Home  >  Article  >  Backend Development  >  ADO.NET reads EXCEL implementation code ((c#))

ADO.NET reads EXCEL implementation code ((c#))

高洛峰
高洛峰Original
2017-01-13 16:57:161443browse

// Connection string

// 连接字符串            
         string xlsPath = Server.MapPath("~/app_data/somefile.xls"); // 绝对物理路径
         string connStr = "Provider=Microsoft.Jet.OLEDB.4.0;" +
                         "Extended Properties=Excel 8.0;" + 
                         "data source=" + xlsPath;
         // 查询语句
         string sql = "SELECT * FROM [Sheet1$]";
         DataSet ds = new DataSet();
         OleDbDataAdapter da = new OleDbDataAdapter(sql, connStr);
         da.Fill(ds);    // 填充DataSet        

         // 在这里对DataSet中的数据进行操作       

         // 输出,绑定数据
         GridView1.DataSource = ds.Tables[0]; 
         GridView1.DataBind();

is very simple, right? ! Everything is just like operating a database, except that you need to pay attention to:
1. The data provider uses Jet, and you need to specify the Extended Properties keyword to set Excel-specific properties. Different versions of Excel correspond to different property values: the valid Excel version for the Extended Properties value.
For Microsoft Excel 8.0 (97), 9.0 (2000), and 10.0 (2002) workbooks, use Excel 8.0.

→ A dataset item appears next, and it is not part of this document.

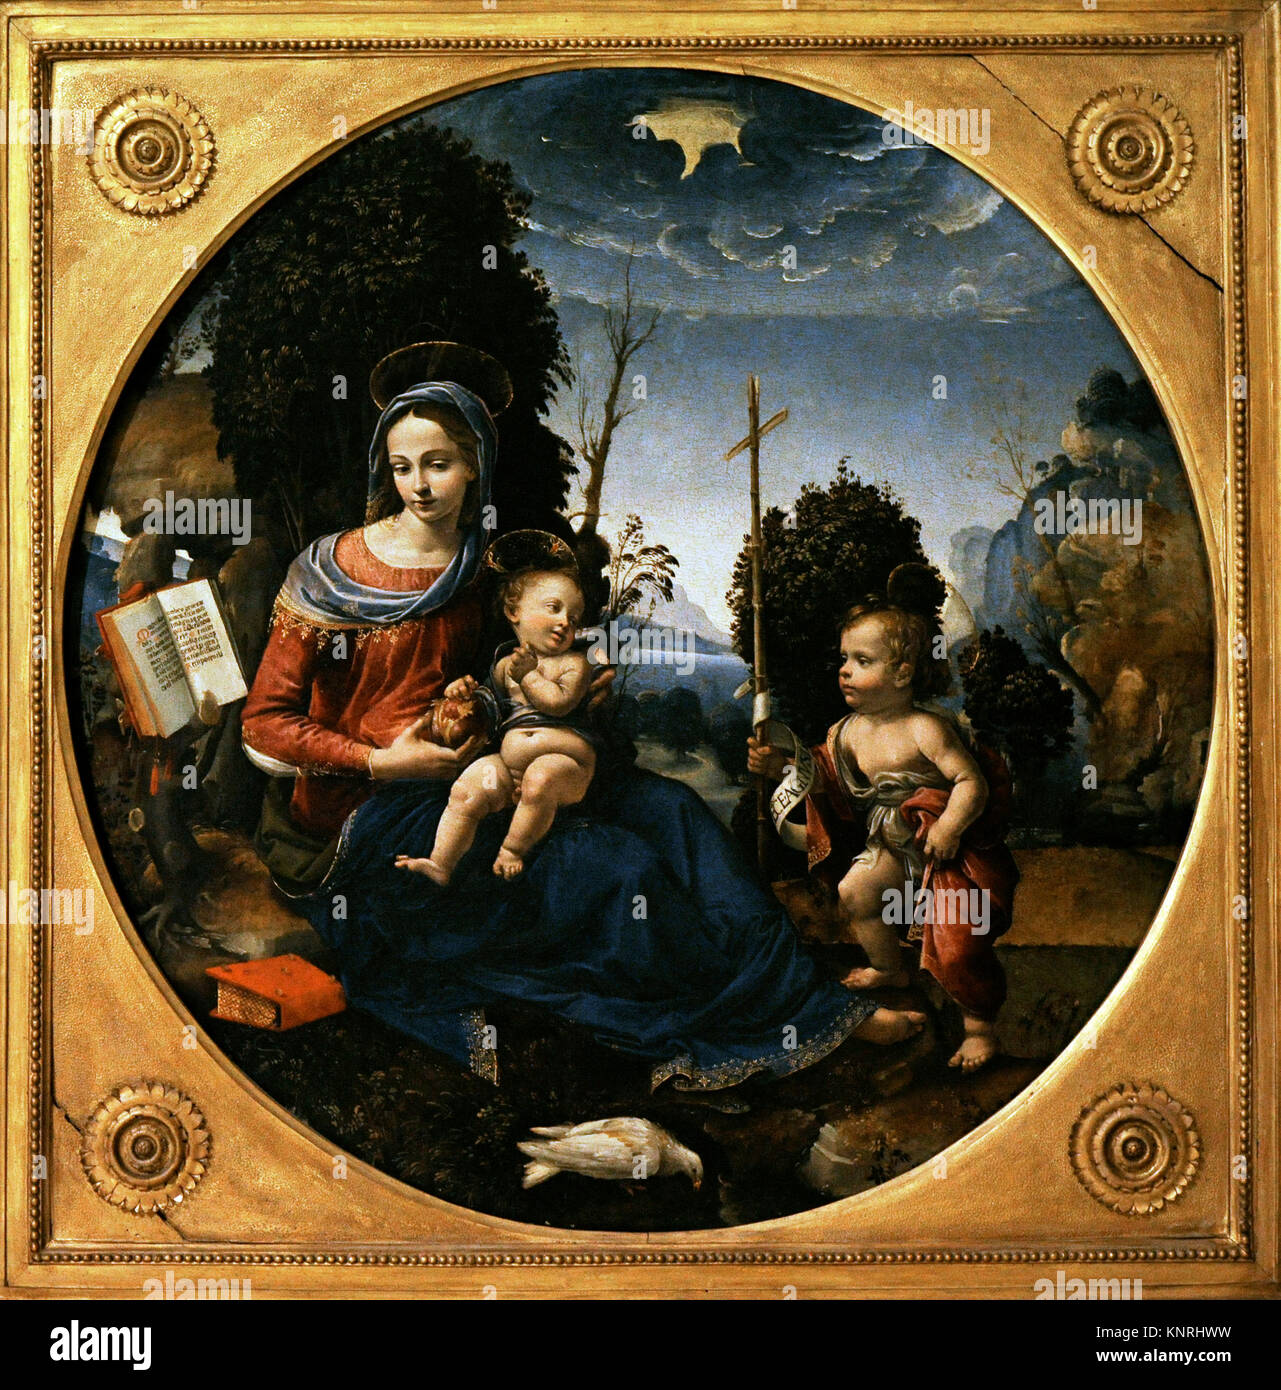 Raffaelino del Garbo (1466-1524). Peintre italien. Vierge à l'enfant et nourrisson de Saint John. Ca.1500. Collection de Bourbon. Musée national de Capodimonte. Naples, Italie. Banque D'Images

For Microsoft Excel 5.0 and 7.0 (95) workbooks, use Excel 5.0.

For Microsoft Excel 4.0 workbooks, please use Excel 4.0.

For Microsoft Excel 3.0 workbooks, please use Excel 3.0.

ref:
http://msdn.microsoft.com/library/chs/default.asp?url=/library/CHS/dv_vbcode/html/vbtskcodeexamplereadingexceldataintodataset.asp

2 . The data source path uses the physical absolute path (same as Access)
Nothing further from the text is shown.